*WHAT IS REQUIRED:* Within the material below, locate the line with "Bukowski pluche konijn" and the line with "UA37/23 WHAS Broadcast No. 8 WHAS", then return those two lines and all lines between them, exactly as written.

*DATA EXTRACTS:*
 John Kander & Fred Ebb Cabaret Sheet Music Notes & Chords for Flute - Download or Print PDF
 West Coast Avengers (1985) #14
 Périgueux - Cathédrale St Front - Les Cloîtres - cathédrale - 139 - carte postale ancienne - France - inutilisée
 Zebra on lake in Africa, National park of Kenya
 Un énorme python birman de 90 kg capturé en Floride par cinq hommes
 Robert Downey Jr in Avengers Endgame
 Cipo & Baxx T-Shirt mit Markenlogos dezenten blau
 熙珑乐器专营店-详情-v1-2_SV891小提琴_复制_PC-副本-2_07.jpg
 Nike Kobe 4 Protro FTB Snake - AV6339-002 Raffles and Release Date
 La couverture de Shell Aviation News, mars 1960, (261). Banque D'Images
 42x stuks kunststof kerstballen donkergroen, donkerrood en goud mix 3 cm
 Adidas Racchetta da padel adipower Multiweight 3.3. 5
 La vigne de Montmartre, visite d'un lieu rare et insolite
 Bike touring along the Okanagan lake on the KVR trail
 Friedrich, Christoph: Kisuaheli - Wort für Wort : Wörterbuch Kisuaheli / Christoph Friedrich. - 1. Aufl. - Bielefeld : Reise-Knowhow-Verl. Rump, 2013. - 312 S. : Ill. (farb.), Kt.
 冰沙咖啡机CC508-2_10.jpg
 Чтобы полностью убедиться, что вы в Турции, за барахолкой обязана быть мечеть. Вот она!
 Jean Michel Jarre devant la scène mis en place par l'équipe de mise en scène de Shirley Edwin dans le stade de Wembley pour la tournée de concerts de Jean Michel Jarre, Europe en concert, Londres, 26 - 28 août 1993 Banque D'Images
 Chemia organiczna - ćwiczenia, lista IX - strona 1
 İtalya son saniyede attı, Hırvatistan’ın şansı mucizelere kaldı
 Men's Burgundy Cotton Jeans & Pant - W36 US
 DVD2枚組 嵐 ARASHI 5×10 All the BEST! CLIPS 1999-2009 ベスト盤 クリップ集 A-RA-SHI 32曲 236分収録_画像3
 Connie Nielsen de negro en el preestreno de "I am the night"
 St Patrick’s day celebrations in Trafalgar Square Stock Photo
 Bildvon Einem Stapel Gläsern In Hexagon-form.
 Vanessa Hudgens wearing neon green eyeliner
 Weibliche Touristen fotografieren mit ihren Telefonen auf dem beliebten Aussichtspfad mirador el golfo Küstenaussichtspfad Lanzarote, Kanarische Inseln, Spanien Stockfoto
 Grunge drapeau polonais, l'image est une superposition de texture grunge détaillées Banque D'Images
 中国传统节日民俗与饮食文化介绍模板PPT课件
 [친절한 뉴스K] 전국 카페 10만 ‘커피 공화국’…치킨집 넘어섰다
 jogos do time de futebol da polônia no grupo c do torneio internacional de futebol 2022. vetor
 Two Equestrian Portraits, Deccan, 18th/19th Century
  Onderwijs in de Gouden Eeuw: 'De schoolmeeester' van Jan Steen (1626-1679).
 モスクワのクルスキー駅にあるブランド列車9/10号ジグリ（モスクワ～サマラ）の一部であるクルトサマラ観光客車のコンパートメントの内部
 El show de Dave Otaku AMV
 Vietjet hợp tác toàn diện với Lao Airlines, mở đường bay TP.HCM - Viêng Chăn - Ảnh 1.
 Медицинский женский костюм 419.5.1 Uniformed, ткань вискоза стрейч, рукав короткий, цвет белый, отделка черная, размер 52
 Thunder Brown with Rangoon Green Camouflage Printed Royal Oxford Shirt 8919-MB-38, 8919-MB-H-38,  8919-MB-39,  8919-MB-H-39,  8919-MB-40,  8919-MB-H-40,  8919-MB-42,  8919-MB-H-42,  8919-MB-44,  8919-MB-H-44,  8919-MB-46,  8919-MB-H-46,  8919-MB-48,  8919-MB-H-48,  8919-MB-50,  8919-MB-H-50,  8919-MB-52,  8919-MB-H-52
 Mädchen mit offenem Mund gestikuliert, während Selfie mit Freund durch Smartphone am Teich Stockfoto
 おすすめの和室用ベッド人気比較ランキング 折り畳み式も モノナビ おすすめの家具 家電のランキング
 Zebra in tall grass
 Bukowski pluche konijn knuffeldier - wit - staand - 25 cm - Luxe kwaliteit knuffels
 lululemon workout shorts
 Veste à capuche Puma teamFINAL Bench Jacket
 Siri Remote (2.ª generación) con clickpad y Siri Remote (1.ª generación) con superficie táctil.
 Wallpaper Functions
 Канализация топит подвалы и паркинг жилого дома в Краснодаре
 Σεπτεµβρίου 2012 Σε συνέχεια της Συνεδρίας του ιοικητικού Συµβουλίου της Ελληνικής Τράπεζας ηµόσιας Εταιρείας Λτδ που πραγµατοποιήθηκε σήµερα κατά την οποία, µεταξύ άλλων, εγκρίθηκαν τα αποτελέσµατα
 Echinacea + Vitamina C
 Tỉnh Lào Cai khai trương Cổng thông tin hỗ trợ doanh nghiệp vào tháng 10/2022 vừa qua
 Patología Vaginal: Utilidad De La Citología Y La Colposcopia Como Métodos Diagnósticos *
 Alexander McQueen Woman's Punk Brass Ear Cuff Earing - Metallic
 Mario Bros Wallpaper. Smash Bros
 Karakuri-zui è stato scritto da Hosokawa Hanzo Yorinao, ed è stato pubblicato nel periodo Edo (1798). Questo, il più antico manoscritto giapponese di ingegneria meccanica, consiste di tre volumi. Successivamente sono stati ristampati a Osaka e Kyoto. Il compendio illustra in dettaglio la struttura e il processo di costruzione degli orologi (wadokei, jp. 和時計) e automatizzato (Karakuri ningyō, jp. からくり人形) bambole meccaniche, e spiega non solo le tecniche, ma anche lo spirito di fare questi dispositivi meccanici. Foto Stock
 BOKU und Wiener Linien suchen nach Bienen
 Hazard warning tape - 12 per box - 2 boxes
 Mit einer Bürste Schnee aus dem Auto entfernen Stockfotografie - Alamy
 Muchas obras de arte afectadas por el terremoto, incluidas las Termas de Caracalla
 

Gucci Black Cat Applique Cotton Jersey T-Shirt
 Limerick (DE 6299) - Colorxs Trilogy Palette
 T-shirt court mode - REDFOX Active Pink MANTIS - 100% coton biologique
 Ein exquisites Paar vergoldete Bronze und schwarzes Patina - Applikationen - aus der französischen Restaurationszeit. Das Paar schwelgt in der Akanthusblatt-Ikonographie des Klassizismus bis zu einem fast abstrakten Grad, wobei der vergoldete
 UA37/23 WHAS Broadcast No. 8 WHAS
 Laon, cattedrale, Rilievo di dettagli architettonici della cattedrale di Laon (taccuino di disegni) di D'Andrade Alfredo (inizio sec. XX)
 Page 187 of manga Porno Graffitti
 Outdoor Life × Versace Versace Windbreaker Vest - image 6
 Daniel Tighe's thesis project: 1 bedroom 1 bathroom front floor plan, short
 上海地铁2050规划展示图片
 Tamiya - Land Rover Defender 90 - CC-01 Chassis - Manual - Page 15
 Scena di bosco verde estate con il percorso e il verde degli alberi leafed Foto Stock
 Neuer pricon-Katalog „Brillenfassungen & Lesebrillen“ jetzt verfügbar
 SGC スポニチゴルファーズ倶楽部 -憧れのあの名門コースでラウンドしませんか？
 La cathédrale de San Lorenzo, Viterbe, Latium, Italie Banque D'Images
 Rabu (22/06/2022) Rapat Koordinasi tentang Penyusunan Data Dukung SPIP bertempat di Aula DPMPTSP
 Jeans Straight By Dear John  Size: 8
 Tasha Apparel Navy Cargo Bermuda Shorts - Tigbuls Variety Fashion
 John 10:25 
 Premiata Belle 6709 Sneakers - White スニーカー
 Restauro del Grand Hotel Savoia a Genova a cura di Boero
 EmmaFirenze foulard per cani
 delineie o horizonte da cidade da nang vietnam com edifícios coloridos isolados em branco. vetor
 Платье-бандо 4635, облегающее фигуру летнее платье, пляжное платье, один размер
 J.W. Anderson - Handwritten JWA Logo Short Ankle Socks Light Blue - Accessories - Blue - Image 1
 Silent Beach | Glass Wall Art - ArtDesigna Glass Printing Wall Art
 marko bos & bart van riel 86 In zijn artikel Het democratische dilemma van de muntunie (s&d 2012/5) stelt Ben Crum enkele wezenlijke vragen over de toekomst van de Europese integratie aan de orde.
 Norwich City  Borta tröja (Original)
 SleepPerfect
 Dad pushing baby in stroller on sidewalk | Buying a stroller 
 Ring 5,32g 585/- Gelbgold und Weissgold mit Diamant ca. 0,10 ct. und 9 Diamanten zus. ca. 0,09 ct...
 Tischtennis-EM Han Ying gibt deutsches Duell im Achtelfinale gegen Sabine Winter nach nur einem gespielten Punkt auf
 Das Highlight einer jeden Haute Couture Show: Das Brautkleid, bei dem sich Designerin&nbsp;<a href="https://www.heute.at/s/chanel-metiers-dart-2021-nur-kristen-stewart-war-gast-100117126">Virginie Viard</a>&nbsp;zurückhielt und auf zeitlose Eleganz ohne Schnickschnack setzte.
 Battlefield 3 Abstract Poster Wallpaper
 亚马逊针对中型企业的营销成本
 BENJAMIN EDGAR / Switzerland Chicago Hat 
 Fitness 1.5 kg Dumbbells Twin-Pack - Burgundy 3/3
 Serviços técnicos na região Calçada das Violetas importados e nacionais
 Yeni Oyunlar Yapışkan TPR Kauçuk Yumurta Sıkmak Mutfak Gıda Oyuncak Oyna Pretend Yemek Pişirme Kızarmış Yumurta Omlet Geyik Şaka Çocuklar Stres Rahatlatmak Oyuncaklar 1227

*WRITTEN REPLY:*
 Bukowski pluche konijn knuffeldier - wit - staand - 25 cm - Luxe kwaliteit knuffels
 lululemon workout shorts
 Veste à capuche Puma teamFINAL Bench Jacket
 Siri Remote (2.ª generación) con clickpad y Siri Remote (1.ª generación) con superficie táctil.
 Wallpaper Functions
 Канализация топит подвалы и паркинг жилого дома в Краснодаре
 Σεπτεµβρίου 2012 Σε συνέχεια της Συνεδρίας του ιοικητικού Συµβουλίου της Ελληνικής Τράπεζας ηµόσιας Εταιρείας Λτδ που πραγµατοποιήθηκε σήµερα κατά την οποία, µεταξύ άλλων, εγκρίθηκαν τα αποτελέσµατα
 Echinacea + Vitamina C
 Tỉnh Lào Cai khai trương Cổng thông tin hỗ trợ doanh nghiệp vào tháng 10/2022 vừa qua
 Patología Vaginal: Utilidad De La Citología Y La Colposcopia Como Métodos Diagnósticos *
 Alexander McQueen Woman's Punk Brass Ear Cuff Earing - Metallic
 Mario Bros Wallpaper. Smash Bros
 Karakuri-zui è stato scritto da Hosokawa Hanzo Yorinao, ed è stato pubblicato nel periodo Edo (1798). Questo, il più antico manoscritto giapponese di ingegneria meccanica, consiste di tre volumi. Successivamente sono stati ristampati a Osaka e Kyoto. Il compendio illustra in dettaglio la struttura e il processo di costruzione degli orologi (wadokei, jp. 和時計) e automatizzato (Karakuri ningyō, jp. からくり人形) bambole meccaniche, e spiega non solo le tecniche, ma anche lo spirito di fare questi dispositivi meccanici. Foto Stock
 BOKU und Wiener Linien suchen nach Bienen
 Hazard warning tape - 12 per box - 2 boxes
 Mit einer Bürste Schnee aus dem Auto entfernen Stockfotografie - Alamy
 Muchas obras de arte afectadas por el terremoto, incluidas las Termas de Caracalla
 

Gucci Black Cat Applique Cotton Jersey T-Shirt
 Limerick (DE 6299) - Colorxs Trilogy Palette
 T-shirt court mode - REDFOX Active Pink MANTIS - 100% coton biologique
 Ein exquisites Paar vergoldete Bronze und schwarzes Patina - Applikationen - aus der französischen Restaurationszeit. Das Paar schwelgt in der Akanthusblatt-Ikonographie des Klassizismus bis zu einem fast abstrakten Grad, wobei der vergoldete
 UA37/23 WHAS Broadcast No. 8 WHAS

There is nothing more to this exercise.